Je cours entre 50 et 80k par semaine, par tous les temps. J’ai donc pu tester le casque sous la pluie, et par temps froid. Même trempé de sueur, même sous la pluie, le casque tient bien en place sur la tête. Jamais je n’ai eu à le repositionner. C’est une sensation vraiment agréable que d’oublier d’avoir un outil sur le crâne. Cela nous laisse le soin d’être entièrement concentré sur nos performances. Aussi, l’humidité n’est jamais venue troubler la qualité d’utilisation du casque. Lorsqu’un appel vient nous déranger pendant notre séance sportive, une simple pression sur le bouton PAUSE/TELEPHONE situé sur le côté, et la réception de l’appel se fait. Encore une fois, il est difficile de mettre en défaut ce modèle de casque AEROPEX. 

 

Même concernant la batterie, les données constructeur sont exactes. J’ai pu faire 5 sorties entre 45min et 1h15 avant d’avoir à le recharger. La batterie a l’air de tenir même pendant des températures basses. Sa durée sera insuffisante pour courir un ultra mais largement suffisante pour courir une sortie quotidienne, même longue. C’est tout ce qu’on lui demande, non? Durée d’utilisation de la batterie OK

Mais alors, y a-t-il ne serait-ce qu’un seul point négatif? OUI, la qualité sonore.
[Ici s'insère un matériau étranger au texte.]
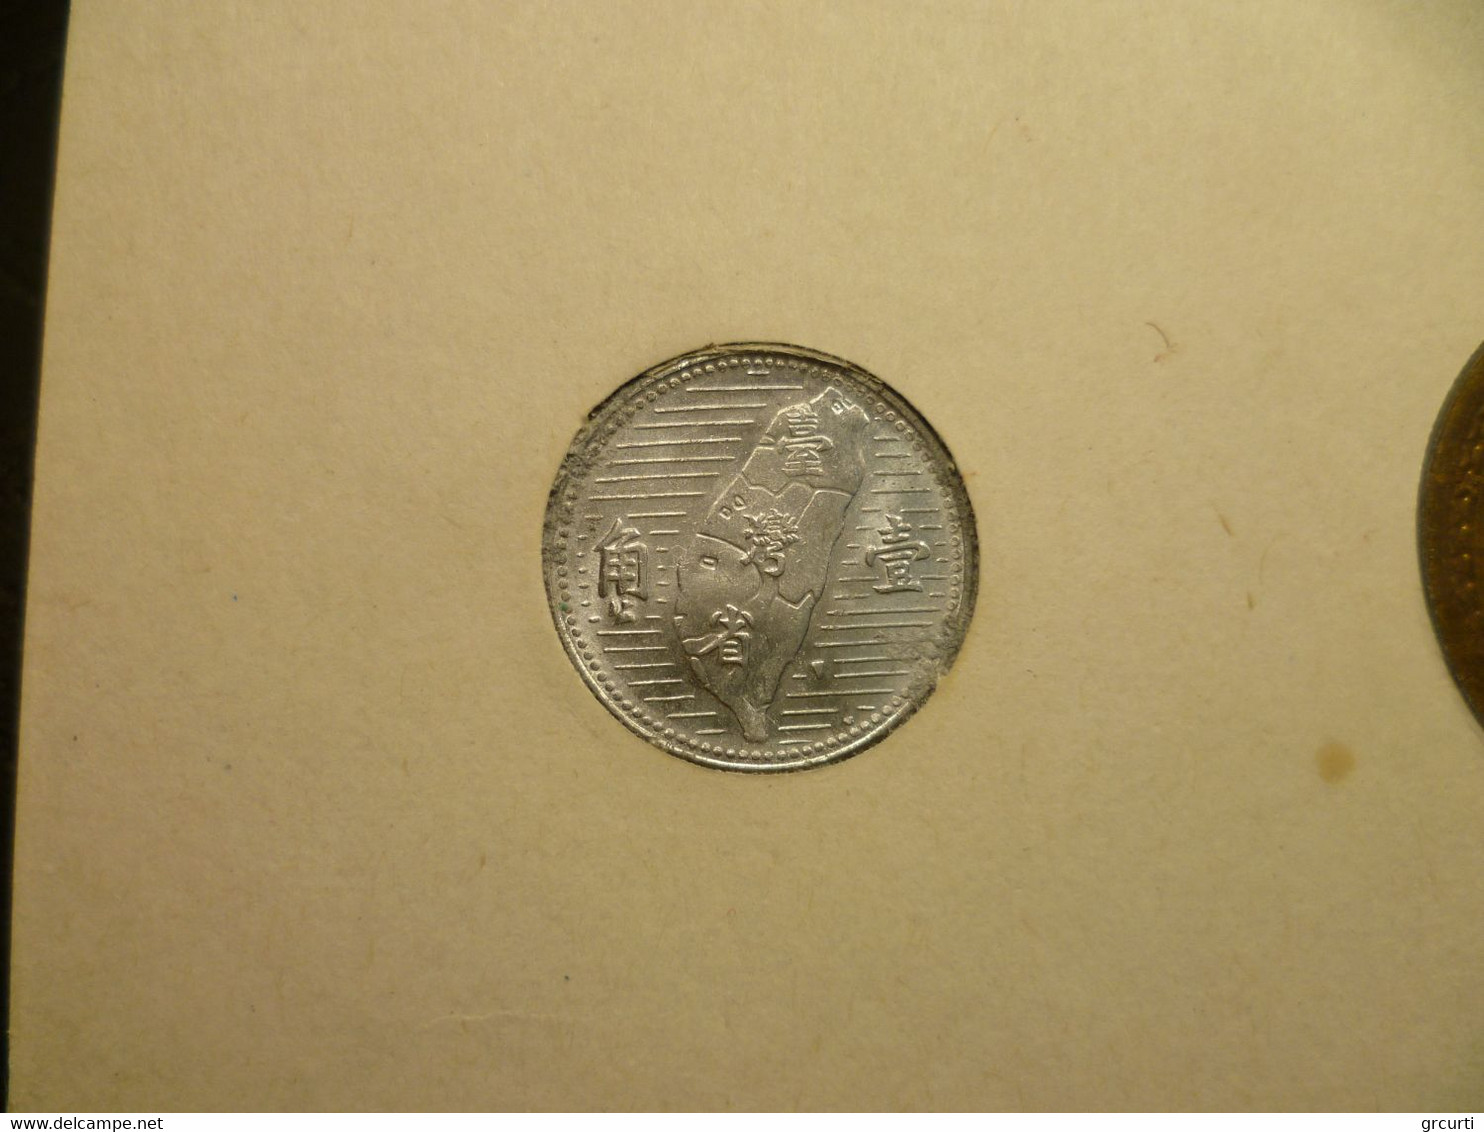 Taiwan - Anco set - 3 monete di cui una in argento
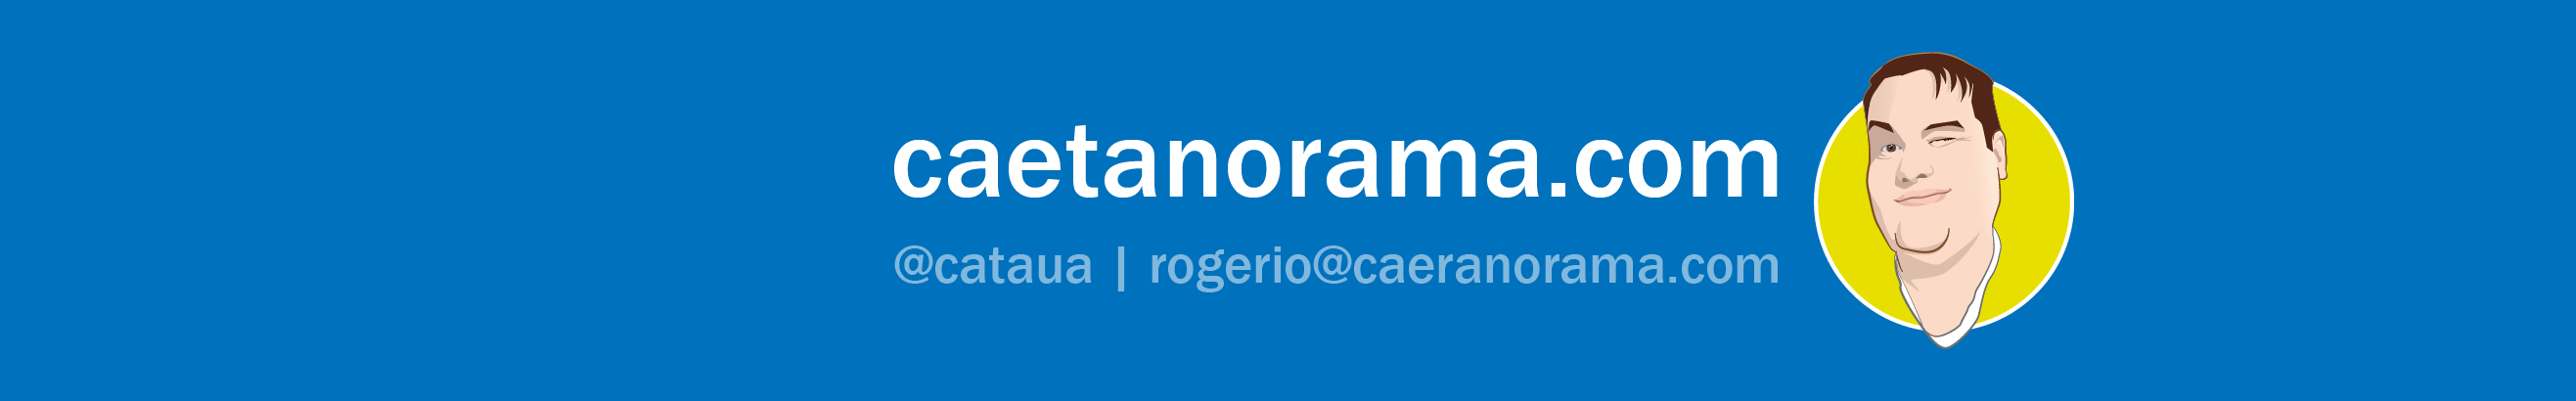 Rogério Caetano's profile banner

Je dirais qu’elle est « suffisante » pour nous accompagner, mais « insuffisante » pour nous dynamiser puisque manifestement il manque de graves et de puissance. Il est évident qu’on ne peut pas comparer la puissance et la profondeur d’écoute avec un modèle intra-auriculaire. C’est le seul point négatif que je trouve à améliorer pour les versions futures.

 

Quoiqu’il en soit, j’ai été conquis par ce modèle AEROPEX vendu 169 euros TTC. Sa facilité d’utilisation intuitive, son ergonomie, son confort et son concept sont ses points forts, ce qui le rend vite miraculeux comme le fut l’iPhone en son temps. La marque AFTERSHOKZ maîtrise son sujet bien qu’elle n’en est qu’à sa 2ème version sur ce modèle. Croisons les doigts pour que sa 3ème version corrige le tir sur la qualité sonore afin d’en faire un MUST HAVE.